9.3 PAYMENT OF TERMINATION AMOUNT OR EXPENSES.
(a) In the event that Xxxxxx is obligated to pay Buyer the
Termination Amount or Expenses pursuant to Section 9.2 (the "Section 9.2
Amount"), Xxxxxx (or any other person to the extent provided by Section 9.2(d))
shall pay to Buyer from the applicable Section 9.2 Amount deposited into escrow
in accordance with the next sentence, an amount equal to the lesser of (m) the
Section 9.2 Amount and (n) the sum of (1) the maximum amount that can be paid to
Buyer without causing Buyer to fail to meet the requirements of Sections
856(c)(2) and (3) of the Code determined as if the payment of such amount did
not constitute income described in Sections 856(c)(2)(A)-(H) or 856(c)(3)(A)-(I)

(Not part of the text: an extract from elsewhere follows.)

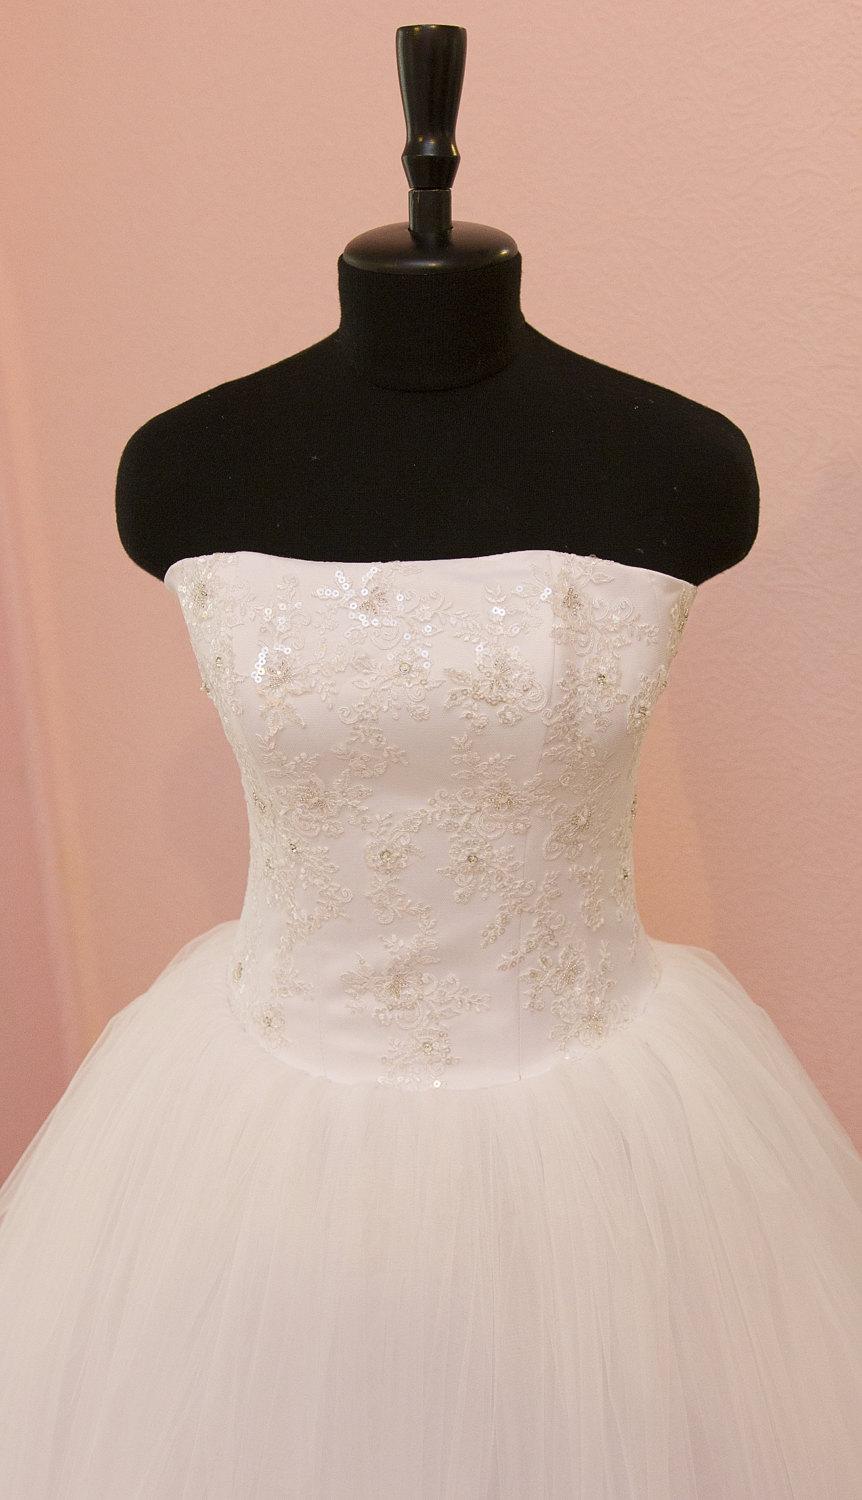 زفاف - Princess Ball Gown Light-As-Air Wedding Dress with Tulle Skirt and Lace Corset Embroidered with Swarovski Crystals and Sequins

of the Code ("Qualifying Income"), as determined by Buyer's certified public
accountants, plus (2) in the event Buyer receives either (X) a letter from
Buyer's counsel indicating that Buyer has received a ruling from the IRS
described in Section 9.3(b)(ii) or (Y) an opinion from Buyer's counsel as
described in Section 9.3(b)(ii), an amount equal to the Section 9.2 Amount less
the amount payable under clause (1) above. To secure Xxxxxx'x obligation to pay
these amounts, Xxxxxx shall deposit into escrow an amount in cash equal to the
Section 9.2 Amount with an escrow agent selected by Buyer and on such terms
(subject to Section 9.3(b)) as shall be agreed upon by Buyer and the escrow
agent. The payment or deposit into escrow of the Section 9.2 Amount pursuant to
this Section 9.3(a) shall be made within three days of the event which gives
rise to the payment of the Section 9.2 Amount by wire transfer or bank check.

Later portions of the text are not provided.